BEGIN Exercise data

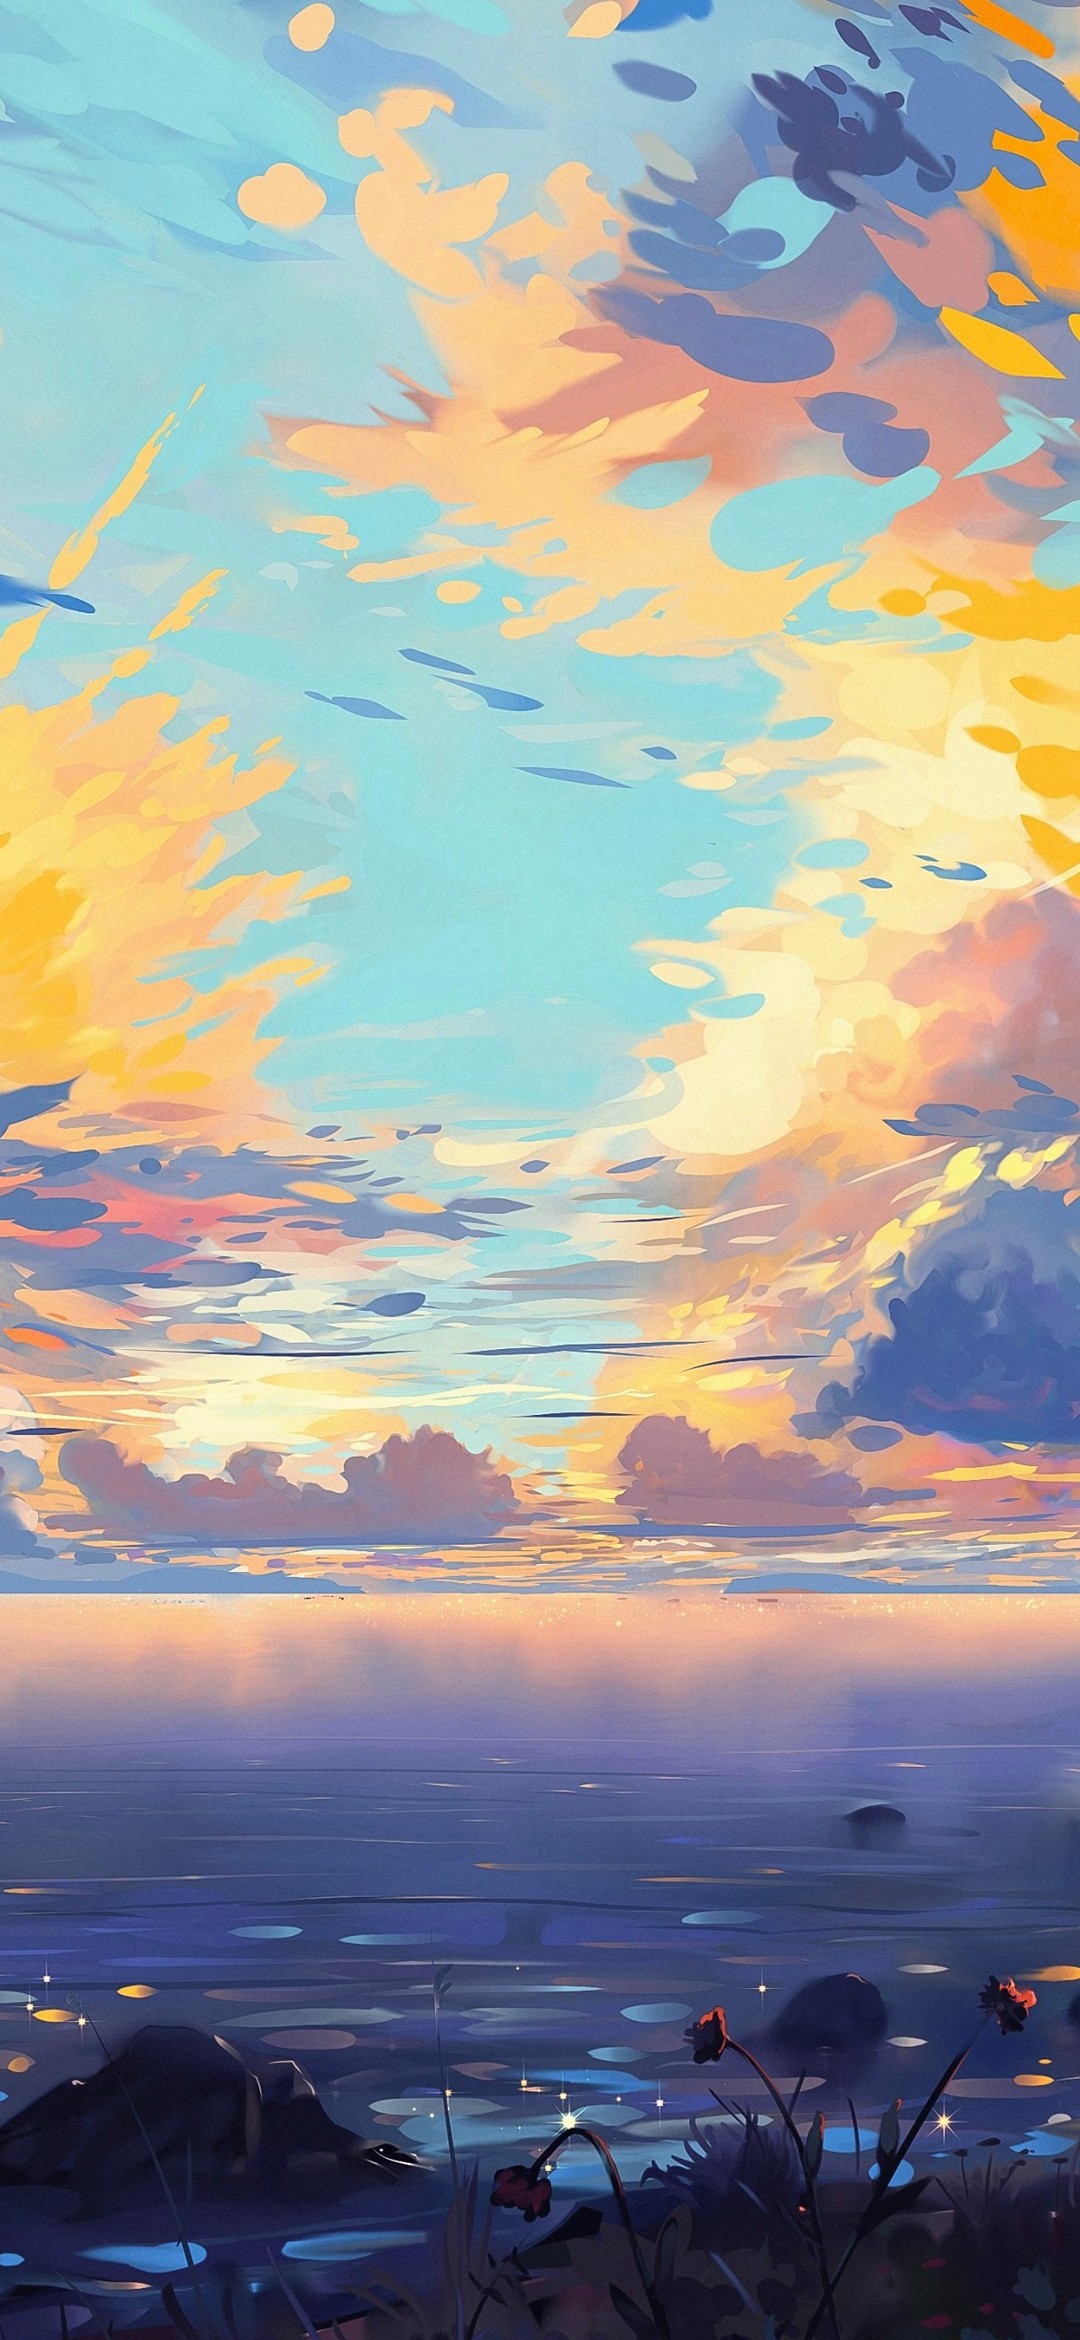 Light Blue And Yellow Sky Lake Illustration Rog Phone 3 Android 壁紙 待ち受け スマラン
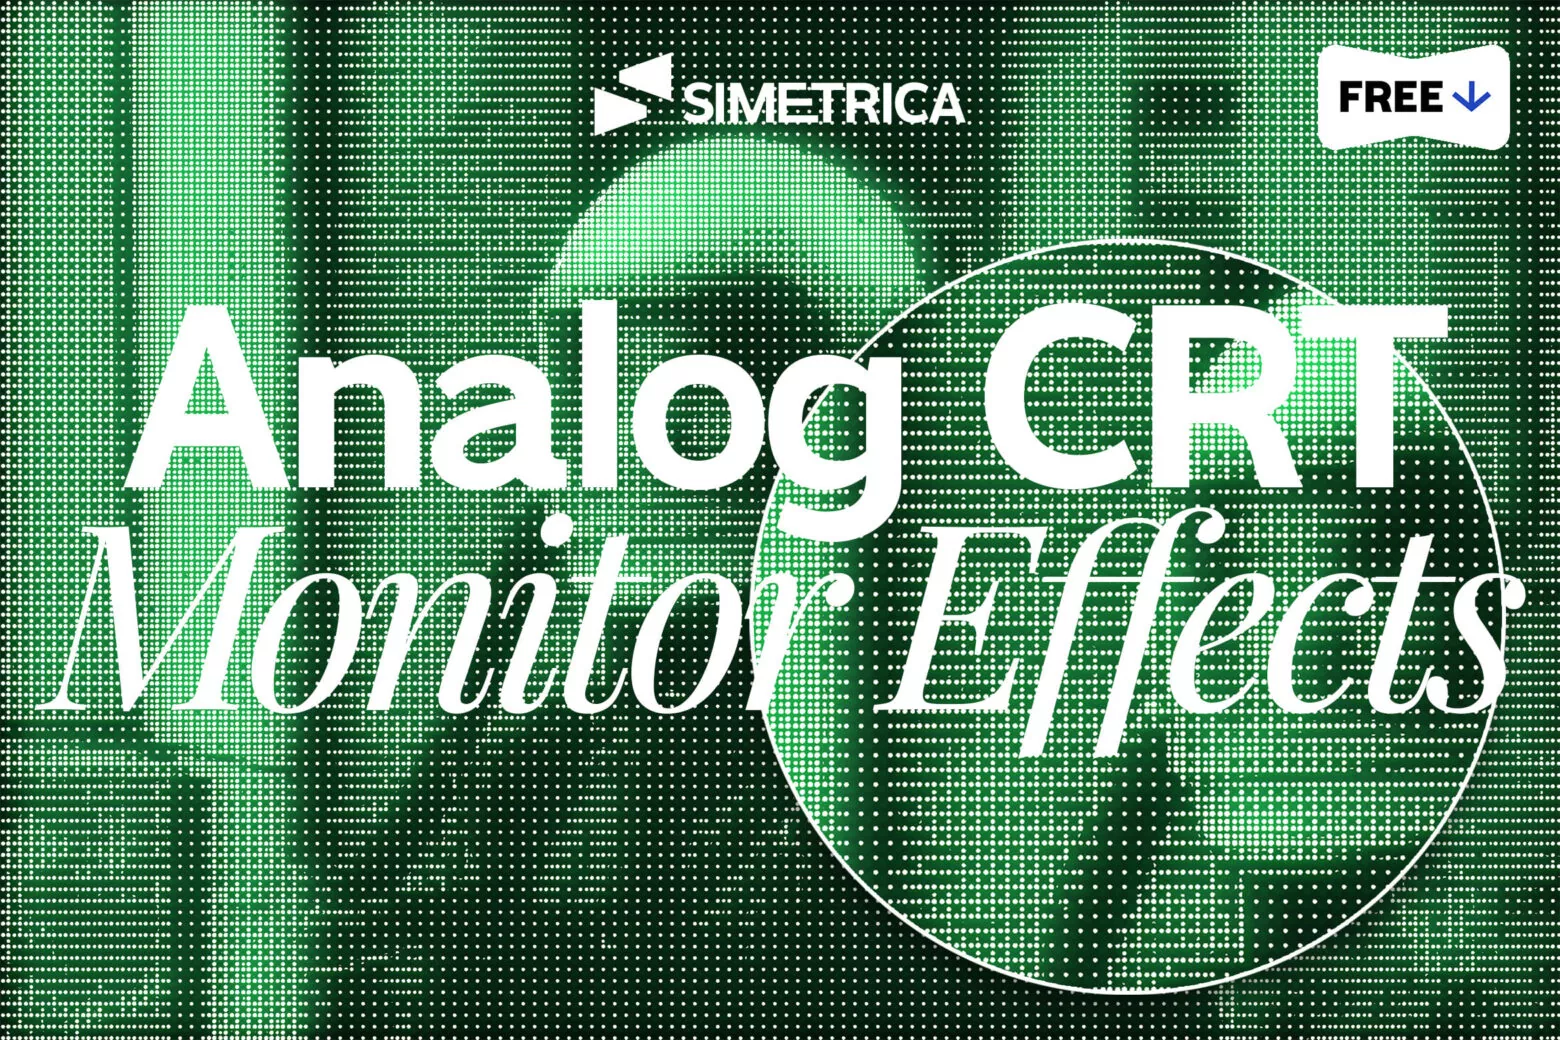 Retro Analog CRT Monitor Effects
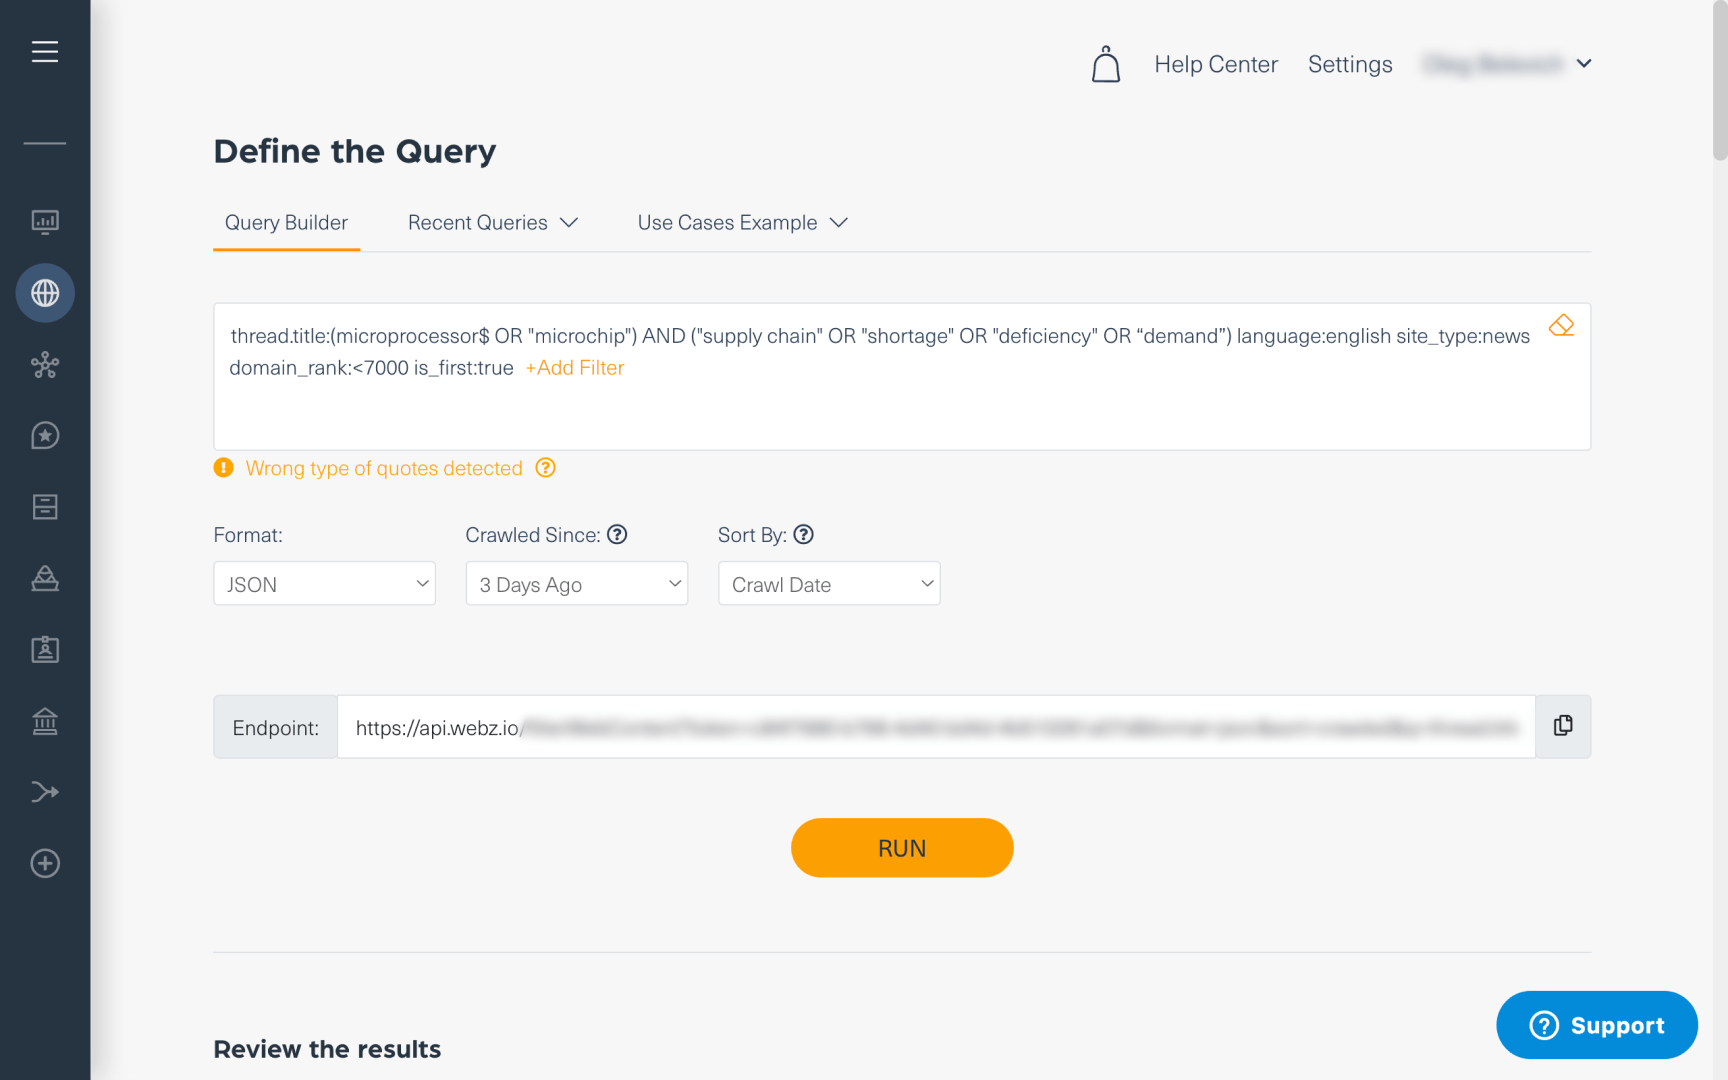 The query in Webz.io's playground

END Exercise data

- [Your instructions] In the data, the line that contains "Retro Analog CRT Monitor Effects" begins the part to write out; restate it and each line after it word for word through the end, with no pictures.

- [Output below]
 Retro Analog CRT Monitor Effects
 The query in Webz.io's playground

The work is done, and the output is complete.